• SUPPLIED DATA:
##############################
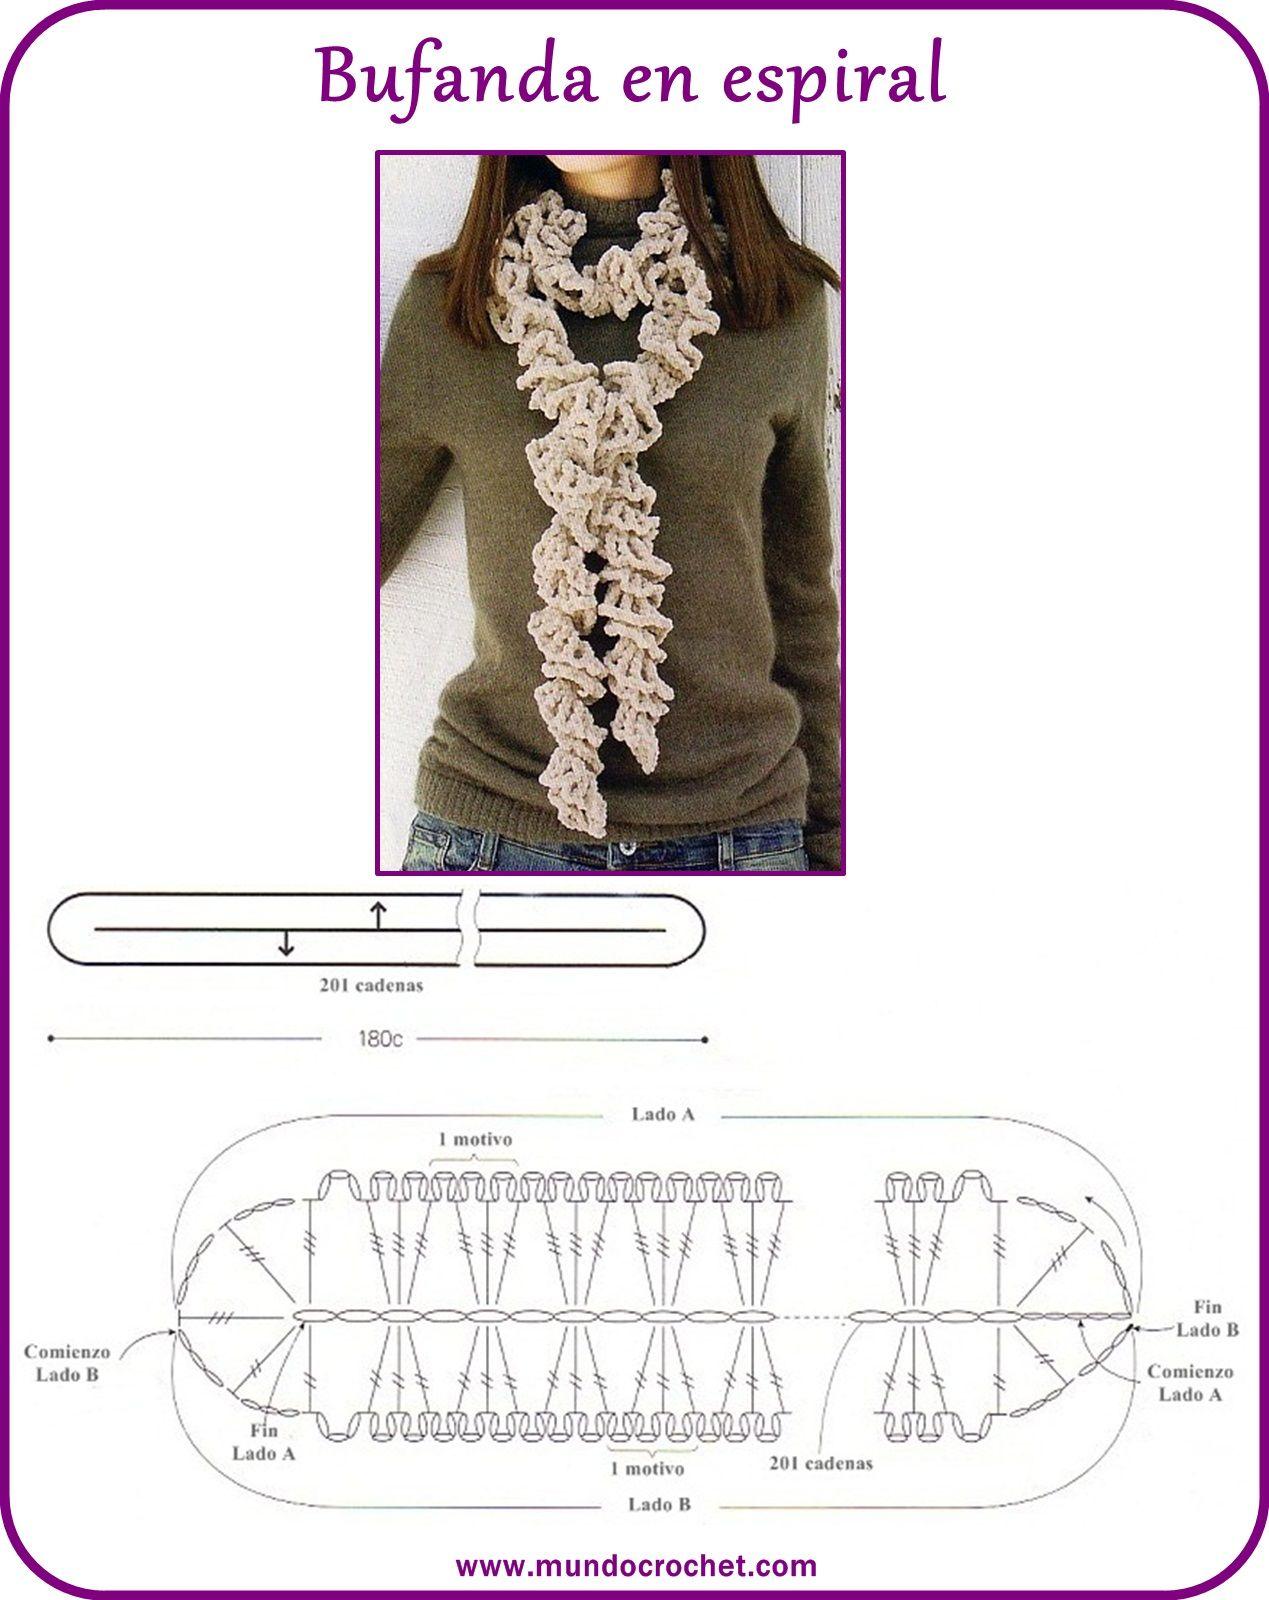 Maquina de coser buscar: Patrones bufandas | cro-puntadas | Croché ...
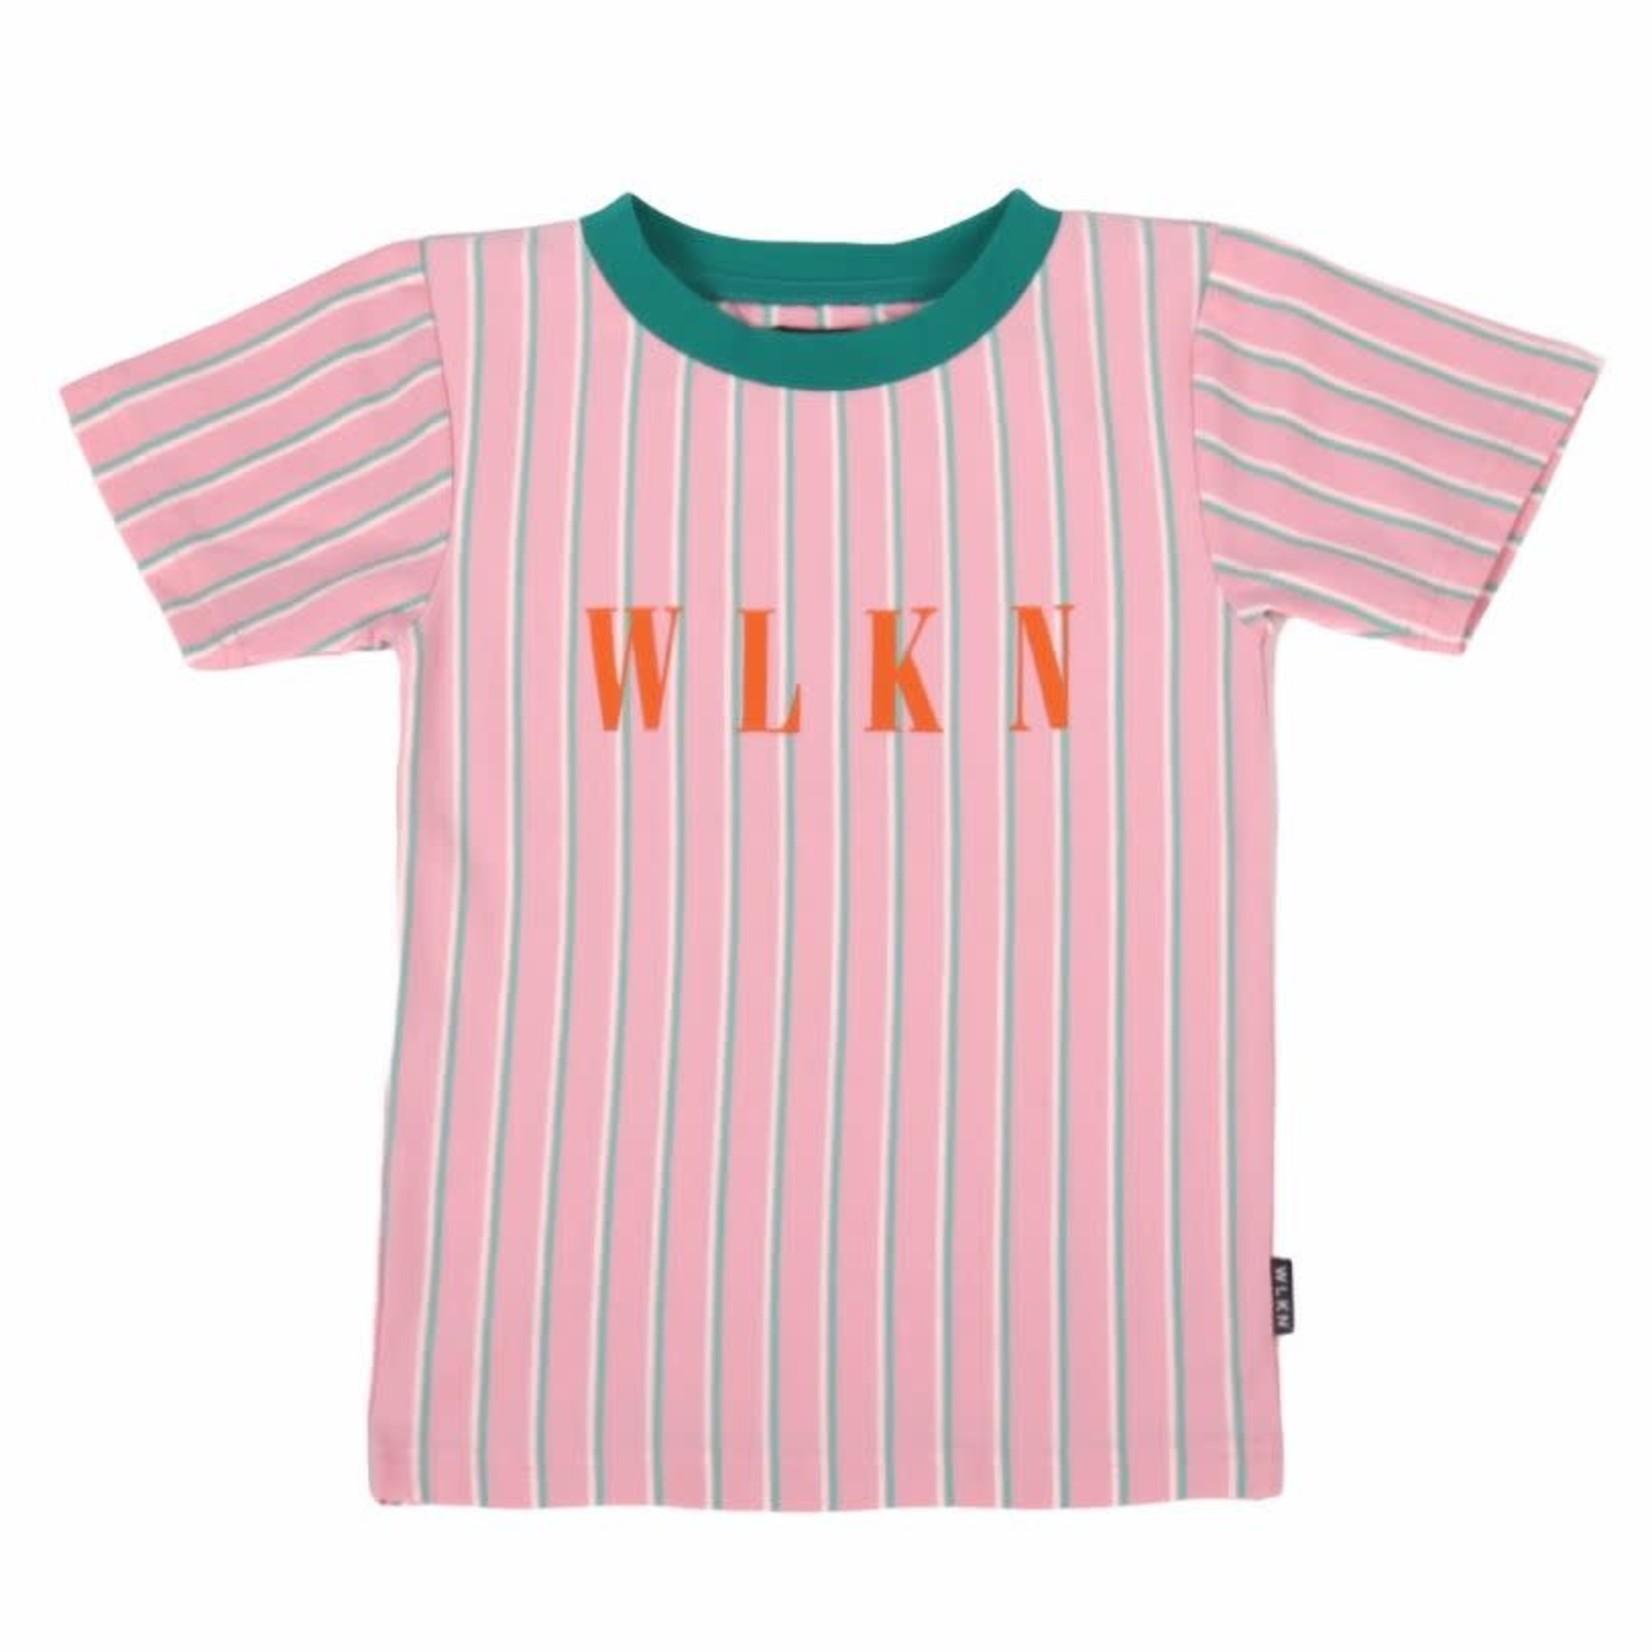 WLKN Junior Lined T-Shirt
##############################
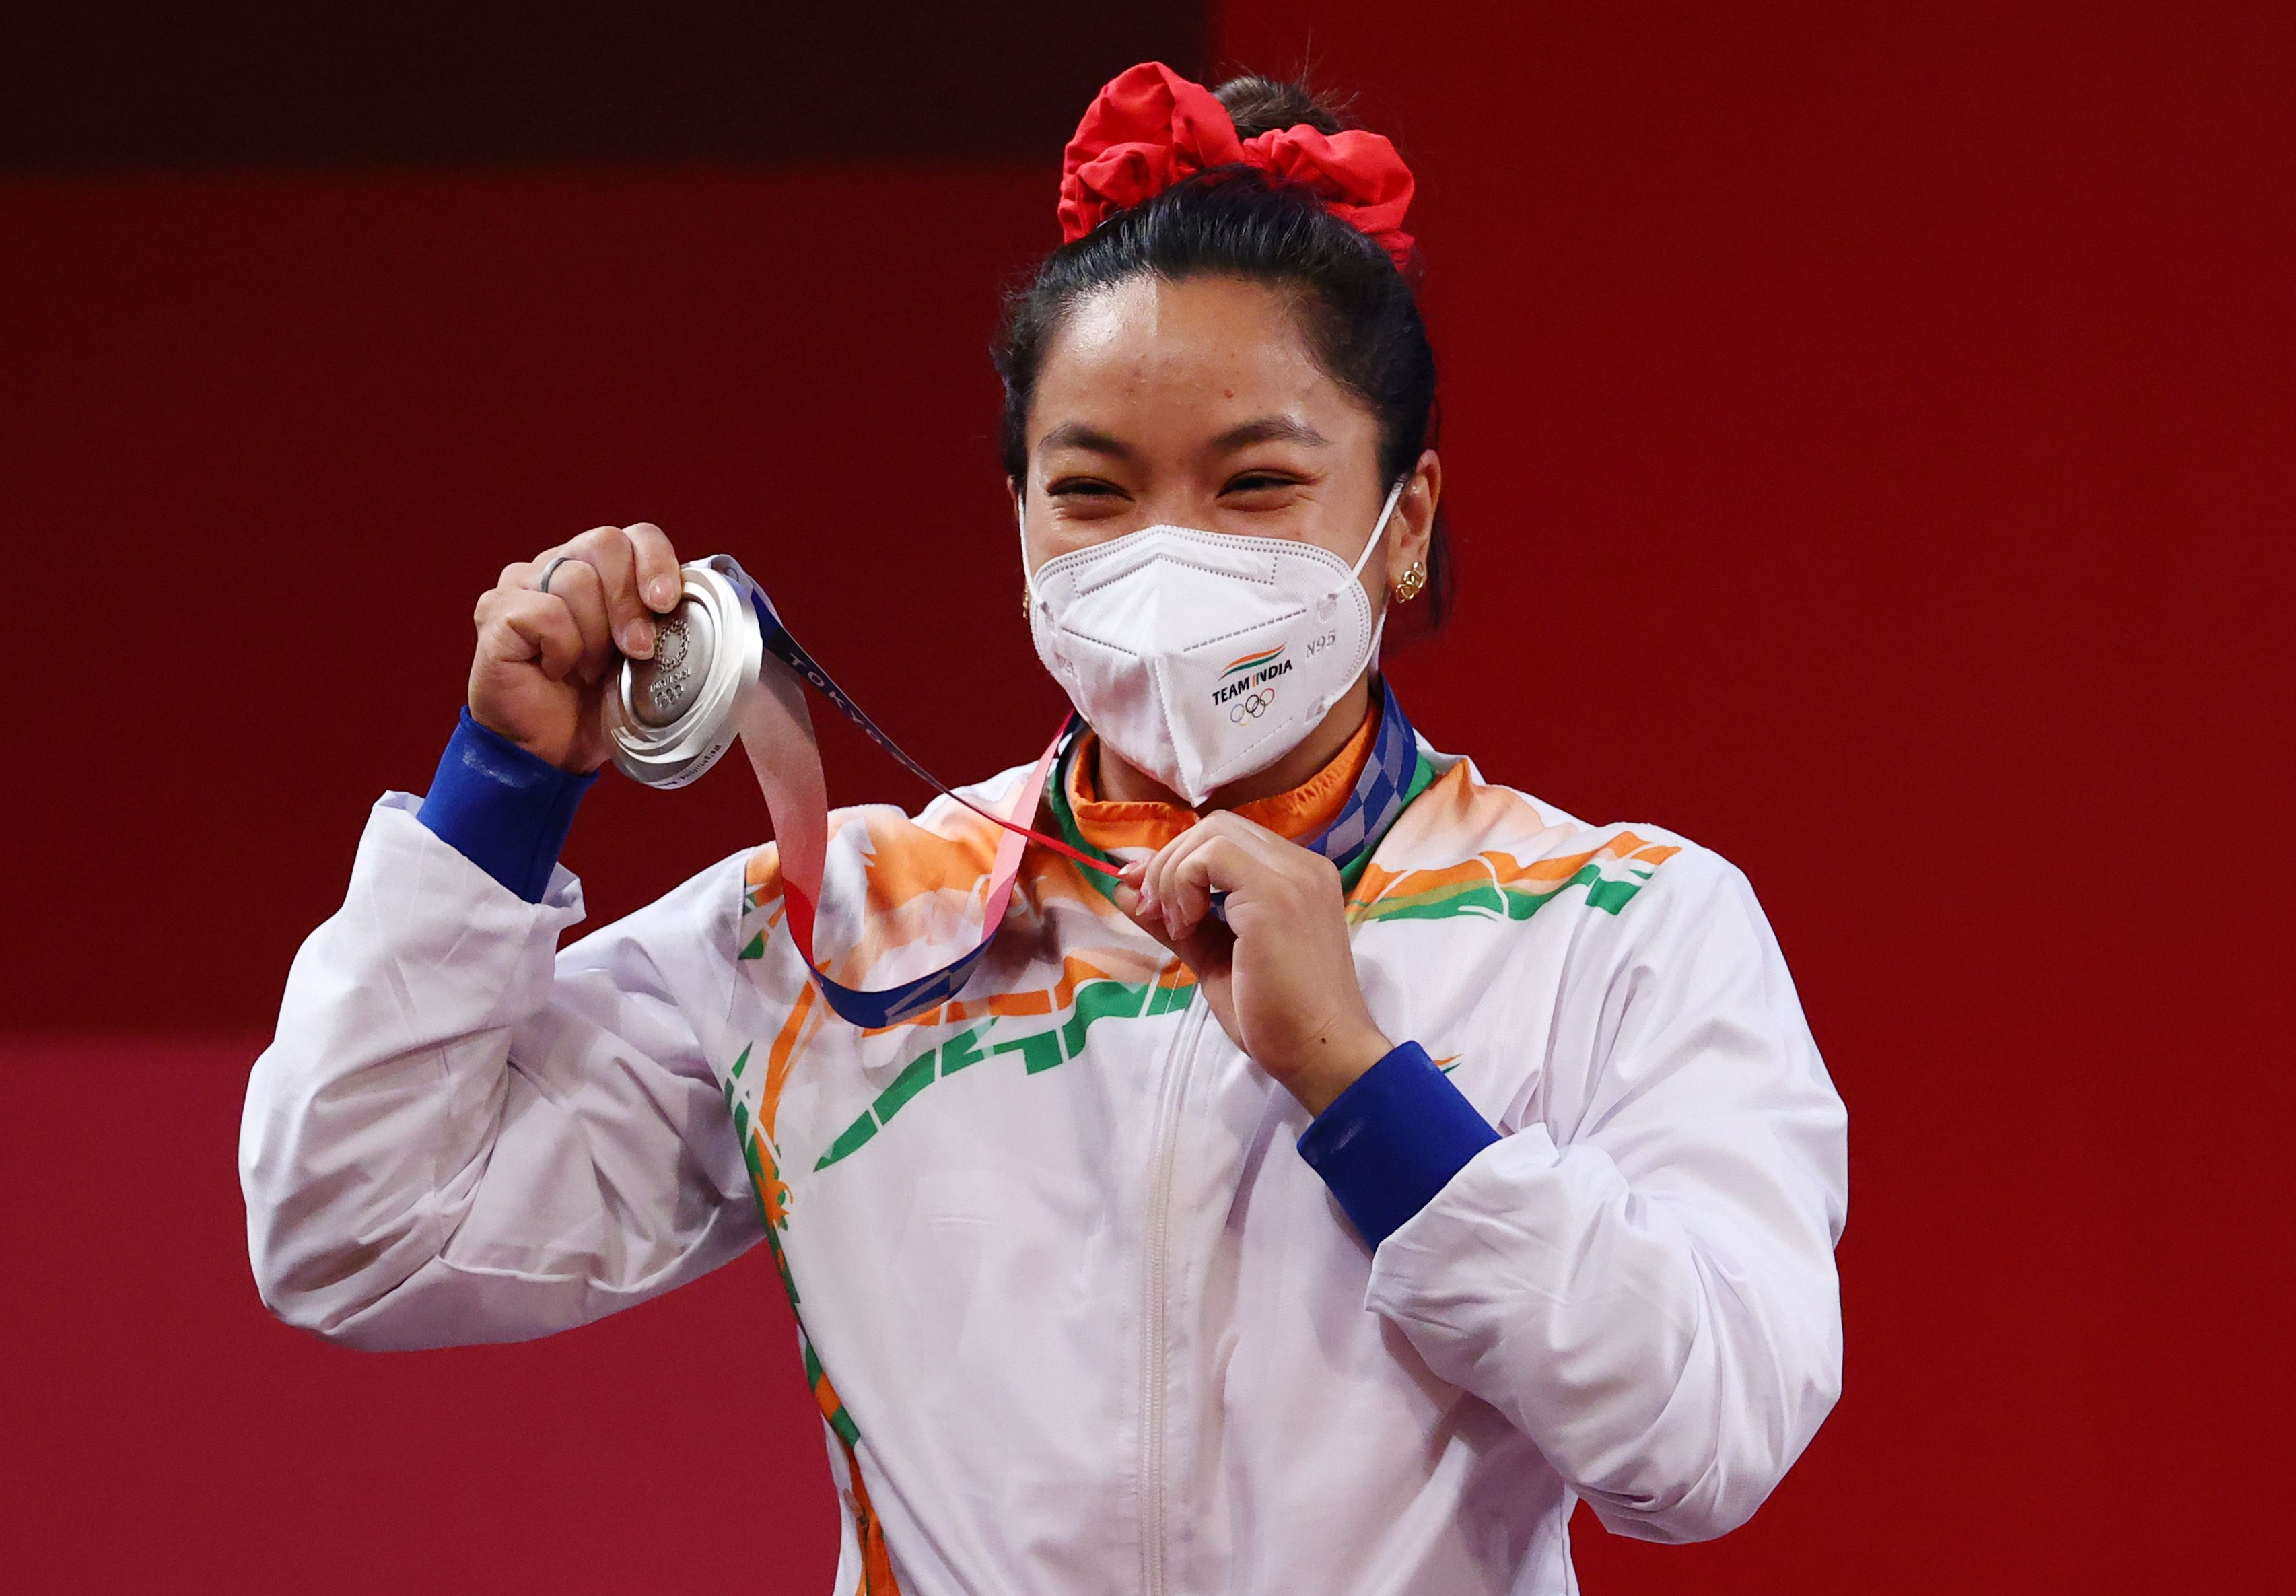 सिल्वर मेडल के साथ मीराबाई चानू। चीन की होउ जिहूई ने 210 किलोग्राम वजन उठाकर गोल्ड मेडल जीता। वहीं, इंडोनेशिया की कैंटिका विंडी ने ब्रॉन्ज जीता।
##############################
• WHAT THE TASK ASKS:
Reproduce the entries exactly, from the line with "Maquina de coser" to the line with "WLKN Junior Lined T-Shirt", both lines included, keeping no pictures.

• EXPECTED OUTPUT:
 Maquina de coser buscar: Patrones bufandas | cro-puntadas | Croché ...
 WLKN Junior Lined T-Shirt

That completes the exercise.